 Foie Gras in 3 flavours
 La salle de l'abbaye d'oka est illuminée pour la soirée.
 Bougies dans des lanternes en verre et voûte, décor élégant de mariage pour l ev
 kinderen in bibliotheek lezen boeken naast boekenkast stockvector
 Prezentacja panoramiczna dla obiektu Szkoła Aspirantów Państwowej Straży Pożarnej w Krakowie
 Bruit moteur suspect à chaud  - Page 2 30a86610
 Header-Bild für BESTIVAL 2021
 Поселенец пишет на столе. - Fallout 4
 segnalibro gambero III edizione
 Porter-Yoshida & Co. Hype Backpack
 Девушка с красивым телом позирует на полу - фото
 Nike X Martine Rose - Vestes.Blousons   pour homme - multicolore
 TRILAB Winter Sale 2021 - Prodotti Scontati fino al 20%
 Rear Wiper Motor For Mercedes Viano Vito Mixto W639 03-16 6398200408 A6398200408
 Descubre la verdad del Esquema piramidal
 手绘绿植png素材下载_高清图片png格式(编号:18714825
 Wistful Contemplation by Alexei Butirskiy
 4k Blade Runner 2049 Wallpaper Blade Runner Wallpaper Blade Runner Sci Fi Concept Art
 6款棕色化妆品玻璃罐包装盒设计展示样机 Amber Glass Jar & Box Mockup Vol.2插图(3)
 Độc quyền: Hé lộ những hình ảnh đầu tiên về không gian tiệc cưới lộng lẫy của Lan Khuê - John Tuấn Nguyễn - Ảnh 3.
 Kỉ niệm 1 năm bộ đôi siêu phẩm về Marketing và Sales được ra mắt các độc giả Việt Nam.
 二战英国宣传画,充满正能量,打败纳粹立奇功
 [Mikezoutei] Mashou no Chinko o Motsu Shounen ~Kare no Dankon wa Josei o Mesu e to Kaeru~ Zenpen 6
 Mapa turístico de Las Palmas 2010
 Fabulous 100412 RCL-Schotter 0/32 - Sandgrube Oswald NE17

━━━━━━━━━━━━━━━━

Instructions to follow:
Examine the records and pull out every line where the string "pour" occurs.

Answer to this exercise:
 La salle de l'abbaye d'oka est illuminée pour la soirée.
 Bougies dans des lanternes en verre et voûte, décor élégant de mariage pour l ev
 Nike X Martine Rose - Vestes.Blousons   pour homme - multicolore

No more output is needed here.